En ese sentido, se revocará el fallo impugnado y, en su lugar, como se anticipaba en precedencia, se amparará el derecho fundamental de petición de la señora Miranda Jaraba. Para la efectividad de la dispensa que aquí se concede, se ordenará al ministerio accionado, que proceda, si aún no lo hubiere hecho, a más tardar dentro de las cuarenta y ocho (48) horas siguientes a la notificación de esta sentencia, a dar efectiva respuesta a la petición elevada ante esa cartera por la accionante de marras, radicada el 5 de octubre de 2010, bajo el número 017303, aclarándose que en modo alguno se condiciona el sentido de tal respuesta.
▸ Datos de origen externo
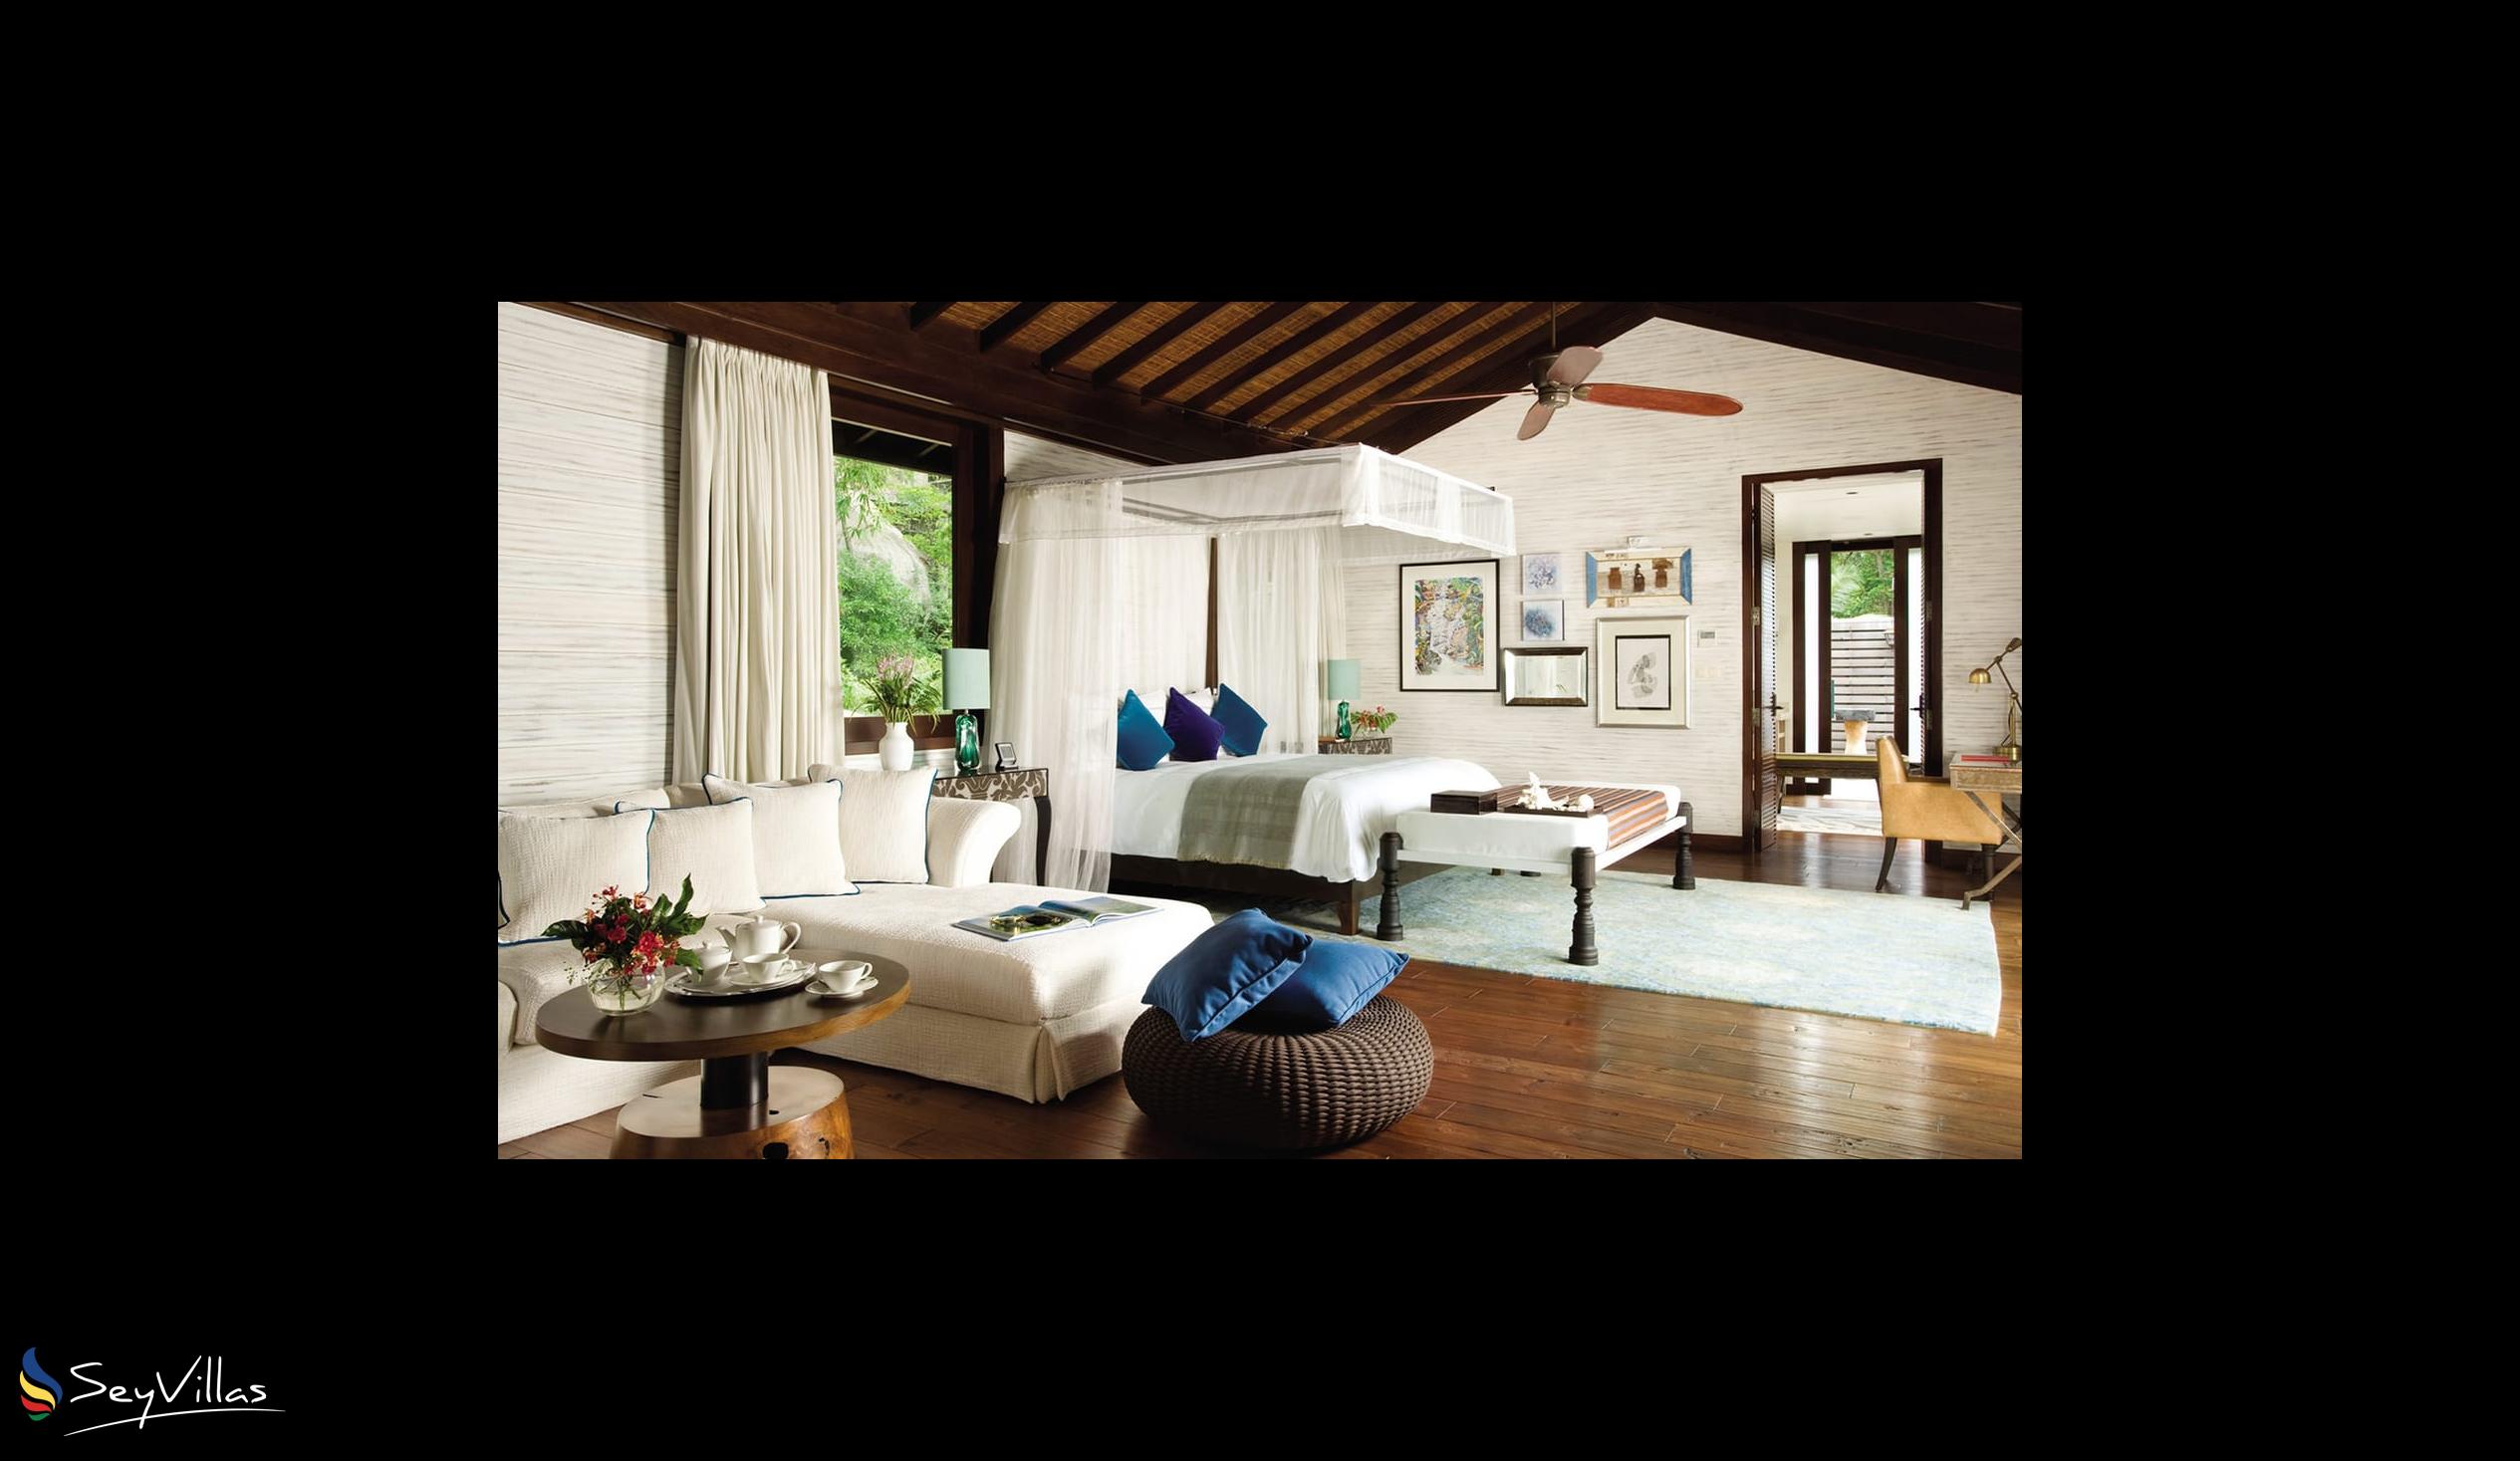 Foto 58: Four Seasons Resort - 3-Bedroom Presidential Suite - Mahé (Seychelles)

De lo anterior, habrá de darse cuenta oportunamente al colegiado a quo, quien velará por el cabal cumplimiento de lo ordenado. En mérito de lo expuesto, la Corte Suprema de Justicia, Sala de Casación Laboral, administrando justicia en nombre de la República y por autoridad de la ley, RESUELVE:

PRIMERO: REVOCAR la decisión impugnada, conforme las razones que vienen indicadas en la parte motiva de esta sentencia. En su reemplazo, se dispone CONCEDER la tutela del derecho de petición invocado por la señora GLORIA ISABEL MIRANDA JARABA, para lo cual SE ORDENA al MINISTERIO LA PROTECCIÓN SOCIAL – GRUPO INTERNO DE TRABAJO PARA LA GESTIÓN DEL PASIVO SOCIAL DE LA EMPRESA PUESRTOS DE COLOMBIA, por conducto de su titular, o quien haga sus veces, que proceda, si aún no lo hubiere hecho, a más tardar dentro de las cuarenta y ocho (48) horas siguientes a la notificación de este fallo, a dar respuesta a la petición por aquella elevada ante esa cartera, radicada el 5 de octubre de 2010, bajo el número 017303, aclarándose que en modo alguno se condiciona el sentido de tal respuesta.

De lo anterior, dará cuenta oportunamente al colegiado a quo, quien velará por el cabal cumplimiento de lo ordenado.

SEGUNDO: NOTIFICAR a los interesados en la forma prevista en el artículo 30 del Decreto 2591 de 1991.

TERCERO: REMITIR el expediente a la Corte Constitucional para su eventual revisión.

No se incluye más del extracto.